Solar magnetic field and Solar activities

    Solar activities include various phenomena on different scales: granules, spikes, flow along fibrils on small scale, and sunspot, flare, supergranule on active region scale, and filament (prominence), corona hole, coronal mass ejection (CME) on heliospheric scale. Almost all of these activities are associated with magnetic field. The following texts describe the relationship of magnetic fields with solar flare, filament (prominence) eruption, CME.

1. Solar magnetic field and Solar flare
    The solar magnetic fields in photosphere of the Sun can be directly diagnosed by measuring the Zeeman Effect of spectral lines formed in the photosphere. The so-called Zeeman Effect is the effect of splitting a spectral line into several components in the presence of a static magnetic field. The measured polarization of the split components of the spectral lines depends on the magnitude and direction of the magnetic field vector. By measuring the circular and linear polarization of the spectral line, one can derive the magnetic field vector in principle with some assumption of the solar atmosphere. So far, the relative reliable measurement of magnetic field of the Sun is just for the photosphere.

Figure 1 The Carrington Flare observed in 1859

    It is found that the occurrence and process of solar flare are very closely related to the solar magnetic field, and now it is believed that the energy released during solar flares originates from the conversion of solar magnetic field energy. Figure 2 shows a line-of-sight (LOS) magnetogram of a large famous sunspot active region observed by Huairou Solar Observing Station (HSOS), National Astronomical Observatories of China (Small earth on the upper-right corner illustrates a relative scale). This active region with large area has very complex magnetic configuration, different from the common 'leading and following' dipole type, and therefore contains higher non-potential magnetic energy which leads to the eruption of a large flare. The magnetic field reconnection during flare changes the magnetic field topology, which represents the structure configuration of magnetic field evolving from the high-energy state to the low-energy state. After flare, the magnetic field inclines to the low energy state approaching the potential field, and the longitudinal field decreases along the neutral line region, accompanied by the transverse field increasing.

Figure 2 Line-of-sight magnetogram of a large active region

2. Solar magnetic field, filament eruption and CME
    In the solar chromosphere, there often appear some faint stripe structures, which absorb the background light on solar disk and are called filament.

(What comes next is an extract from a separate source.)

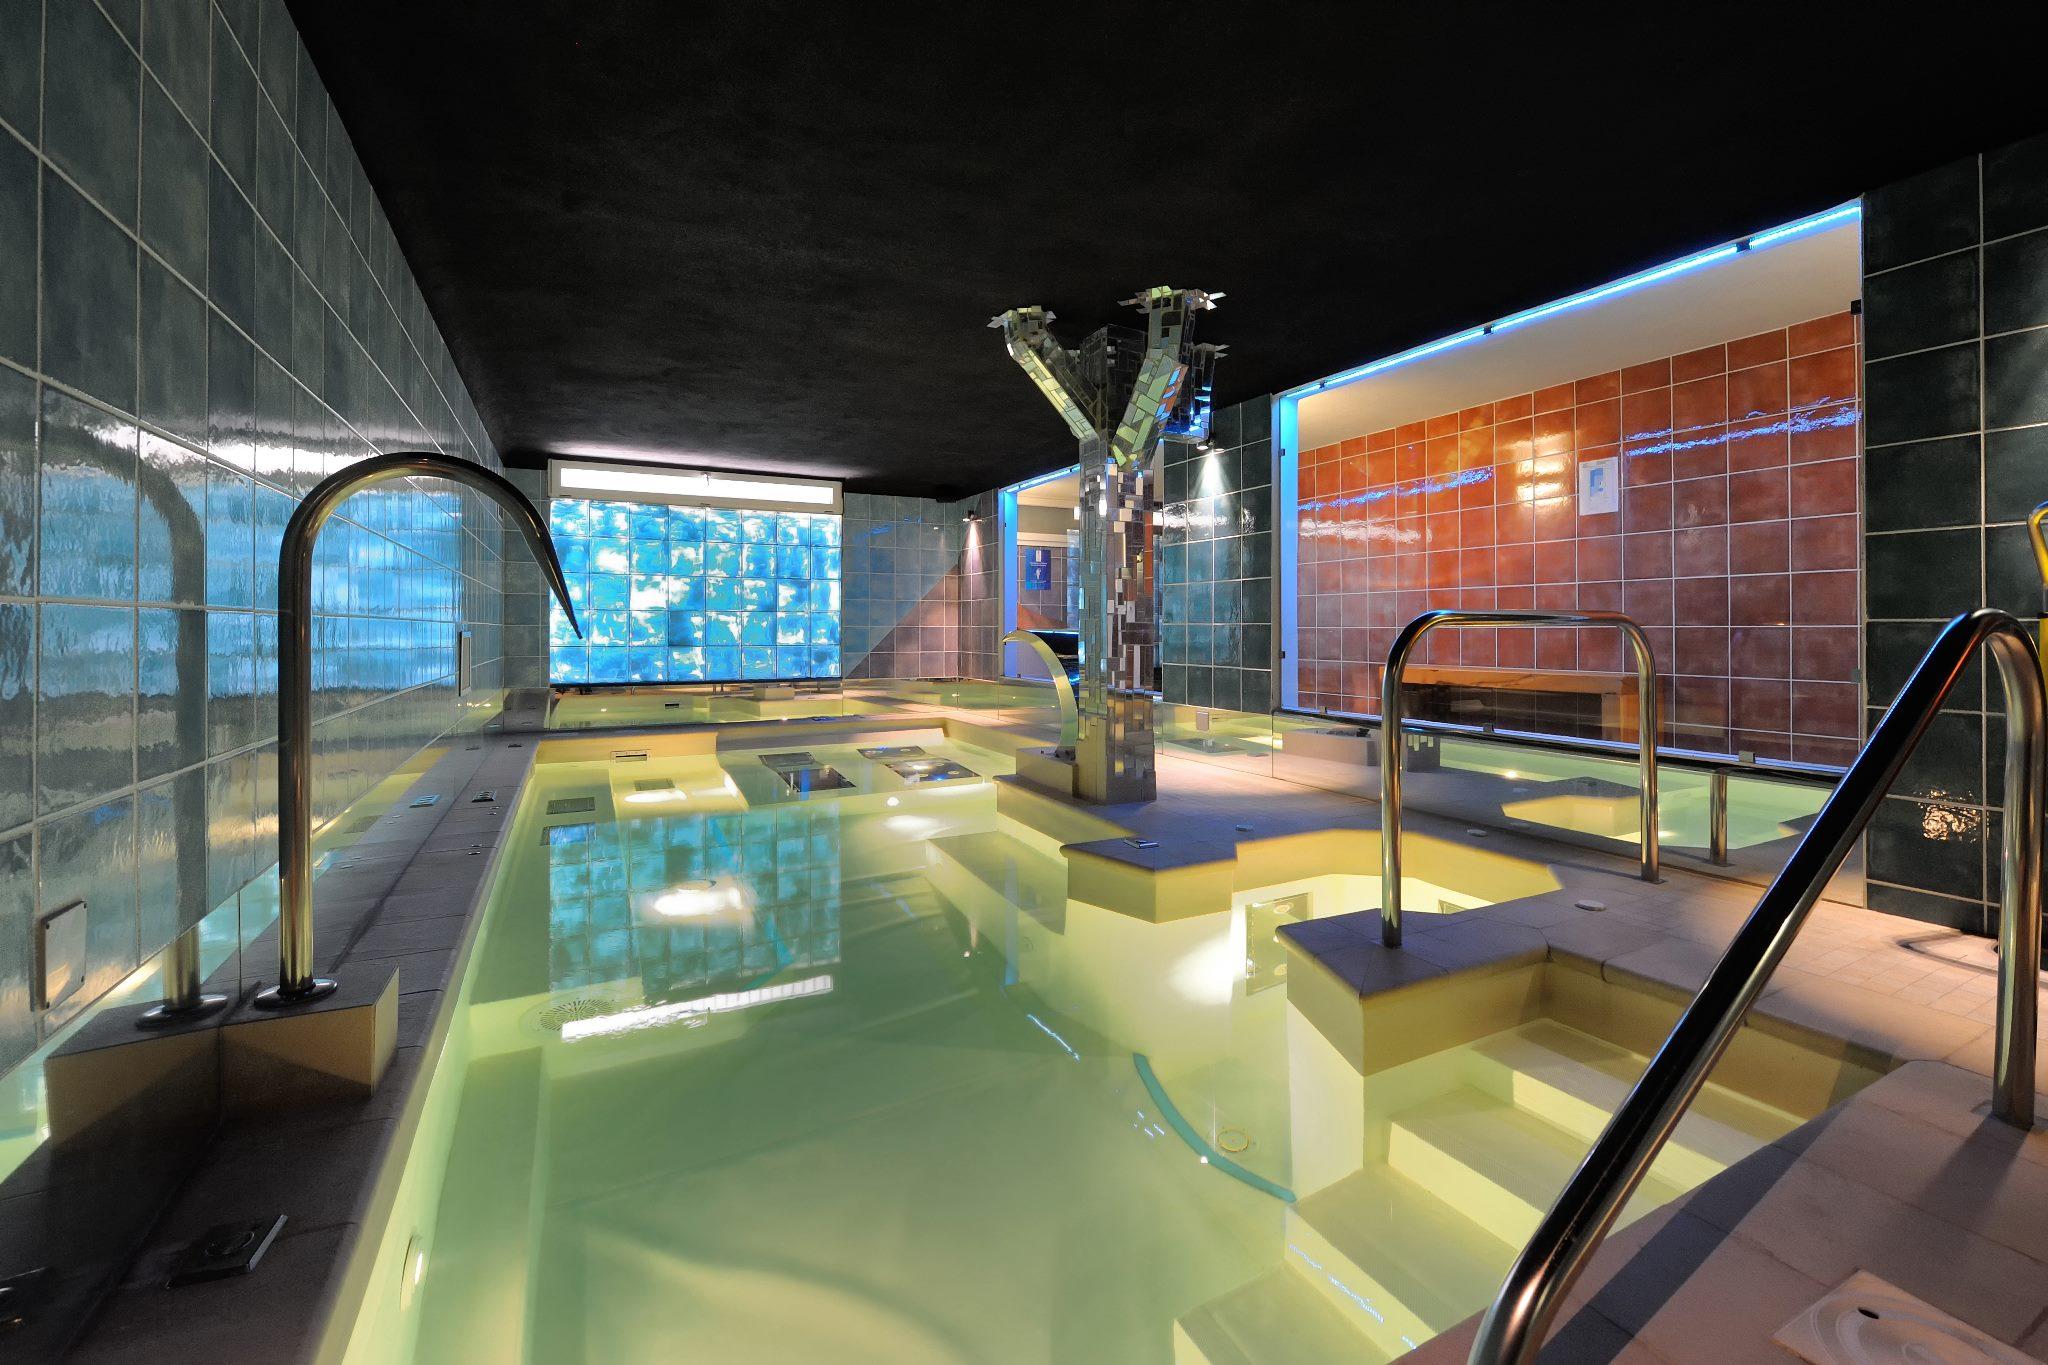 Hotel santoli centro benessere porretta terme bologna for Hotel ortigia con spa

When these structures are observed at the solar limb, they become brighter than the dark cosmic background and resemble as a convex 'ear' of the Sun on large-scale case, and therefore are called prominence. Due to magnetic force, the filament composed of low temperature and high-density materials is suspended and supported in high temperature and low-density corona and chromosphere. Figure 3 shows a huge filament and corresponding LOS photospheric magnetic field. The filament normally appears on the boundary of opposite magnetic field (magnetic neutral line), and the magnetic field plays an important role in supporting the filament. Modern high-resolution imaging observation shows that the filament is very dynamic on the microscopic level. The traditional filament model can qualitatively illustrate how the filament suspends and what supports the filament, but it cannot explain filament oscillation, fiber structure, material falling, etc. The observation of filament magnetic field in high resolution will further clarify these problems.

Figure 3 Filaments on the solar disk and corresponding LOS magnetic fields

    Filaments can disappear or reappear due to the local heating, and it can also erupt completely. For the three processes, filament eruption, flare, and CME, it is difficult to thoroughly separate one from the others, and actually it is a variation of corona and chromosphere as a whole. Figure 4 shows the eruption process of an east-west extended filament on the north-west solar limb. In the initial stage, the filament is suspended along the neutral line of the large scale dipole magnetic field (left panel, SOHO/MDI); the filament loses stability and floats up (marked with 'F' in the middle panel, SOHO/EIT); the filament becomes a part of the CME after eruption (marked with 'P' in the right panel, SOHO/LASCO).

Figure 4 Eruption of a large filament and its relation with CME

    The numerical simulation of magnetohydrodynamics (MHD) demonstrates that a magnetic flux tube enters the corona from solar interior can form a stable configuration initially. Due to the various motion of magnetic field in the photosphere or the magnetic flux emergence, the corona accumulates excess free energy by shearing, winding or by new emerging process of the photospheric magnetic field. As soon as the instability condition is reached, the filament is driven to erupt and then subsequently form CME's and flares.